Andrea Sempio e l'impronta numero 33 a lui attribuita
Andrea Sempio e l'impronta numero 33 a lui attribuita - ©Ansa

"La sentenza passata in giudicato è inamovibile"

Un secondo fascicolo contro ignoti, ricorda ancora Venditti, è stato originato da una informativa dei carabinieri a seguito di un esposto della difesa Stasi, che "lamentava atteggiamenti persecutori, di pedinamenti, violenza e disturbo in danno di una stimata collega" della stessa difesa. "In questo peculiare contesto, i carabinieri di Milano, che indagavano su molestie e disturbi alla difesa", hanno trasmesso "nel 2020 una informativa a Pavia" in cui veniva evidenziata "una serie di anomalie nelle precedenti indagini", riscontrando "elementi" che avrebbero potuto "non mettere fine a una vicenda giudiziaria". L'ex magistrato ricorda poi che "già prima di questa informativa dei carabinieri, sulla vicenda si era formato da anni" il giudicato e che "due vertici di Procure generali presso la Corte d'Appello, Milano e Brescia, questa ultima competente per la revisione della sentenza di condanna, nulla avevano disposto e perfino rigettato o ritenuto inammissibili le numerose istanze di revisione. La sentenza rimaneva dunque inamovibile e cosa giudicata". Venditti, "considerata la attestata infruttuosità della prova scientifica, richiamando i motivi della precedente archiviazione, e vista la assoluta carenza di riscontri oggettivi alle enunciate e mai provate anomalie delle precedenti indagini", chiese l'archiviazione del fascicolo che fu decretata da un altro magistrato dell'ufficio Gip di Pavia. "Ancora oggi la sentenza di condanna rimane cosa giudicata e dunque inamovibile, vincolante per le parti a presidio dei cardini costituzionali del diritto di difesa e stabilità della giurisdizione", si legge nella nota del legale di Venditti. "La recente iniziativa della Procura di Pavia, del tutto legittima, dovrà in ogni caso tenere in conto il giudicato formatosi dieci anni orsono. Pertanto è facilmente prevedibile che sarà a breve riproposta una nuova istanza di revisione del giudicato su nuove prove mai prima prodotte", viene spiegato.

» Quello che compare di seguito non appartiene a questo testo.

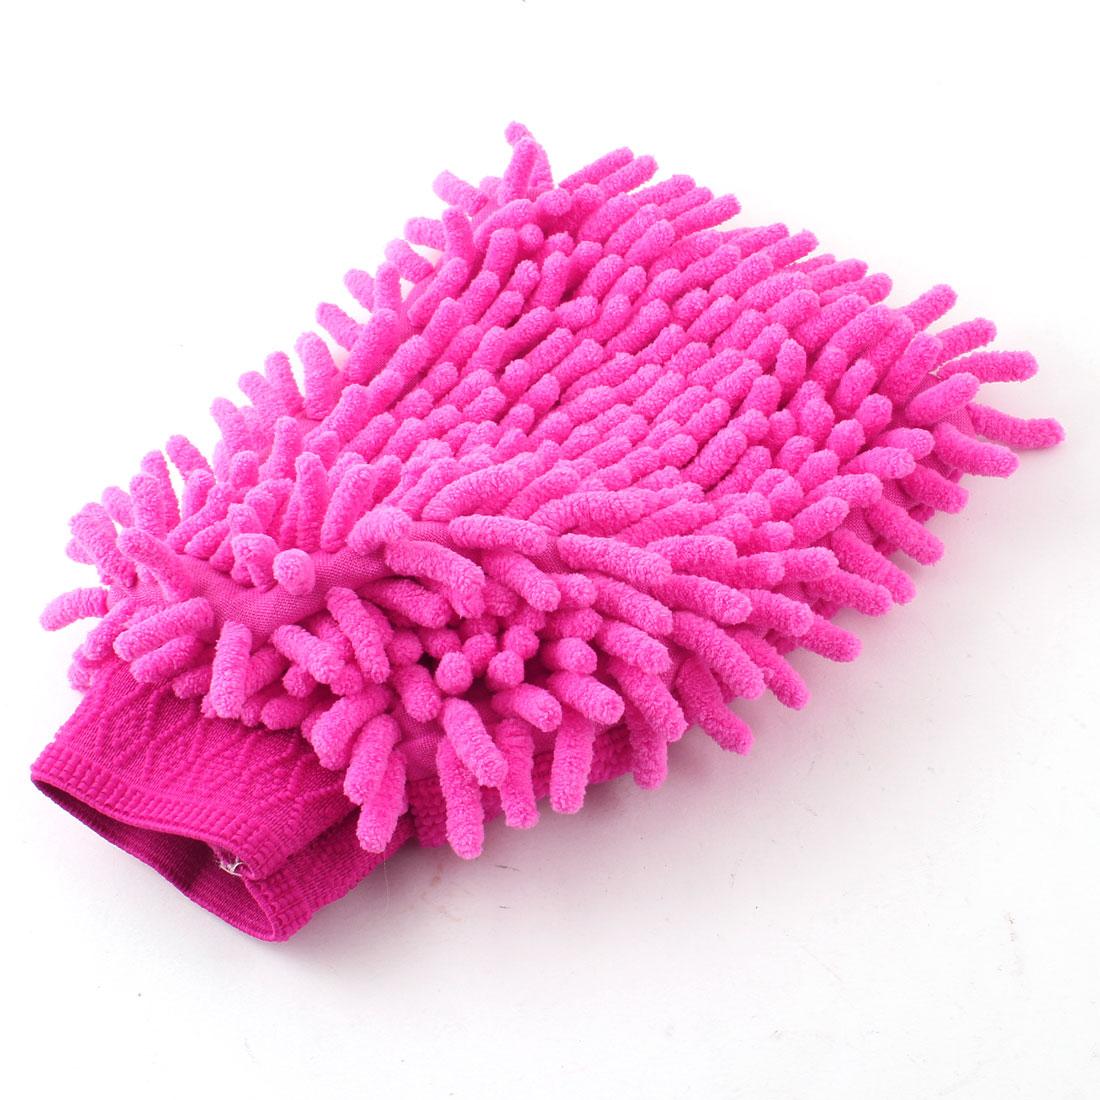 Car Washing Cleaning Single Side Microfiber Mitt Glove Fuchsia

"Evitare narrazioni diffamanti"

Alla luce di tutto ciò, nella lettera del legale di Venditti, si invita "ad attenersi ai fatti nella loro oggettività e continenza" in merito alle notizie sulle nuove indagini sul delitto, evitando "ulteriori narrazioni e ricostruzioni diffamatorie e lesive del decoro e del patrimonio di onorabilità" dell'ex magistrato, oggi in pensione. Il legale ricorda che nelle indagini sull'omicidio di Poggi, l'ex procuratore "non ha mai svolto la funzione di magistrato" presso la Procura di Vigevano, allora competente, "né tantomeno nelle successive fasi dibattimentali e di impugnazione".  Venditti, dunque, non ha mai rappresentato la pubblica accusa nel processo che ha condotto alla condanna di Stasi". Non solo: Venditti, sottolinea Aiello, "sin da principio non ha inteso interferire con le diverse indagini di cui a vario titolo si dà conto nella cronaca locale e nazionale, né ha inteso partecipare o alimentare l'incontrollato battage mediatico, ciò non di meno non è possibile astenersi dal rappresentare il danno illecito che sino ad oggi sta subendo dalla mole di notizie false e prive di ogni riscontro oggettivo". L'avvocato sottolinea, inoltre, che "della vicenda a vario titolo si sono occupati diversi magistrati, oltre 40 tra giudicanti e requirenti, alcuni dei quali riconosciuti tra i più autorevoli e rispettati del tempo, senza considerare i procedimenti satellite relativi a depistaggi, pedinamenti e false testimonianze".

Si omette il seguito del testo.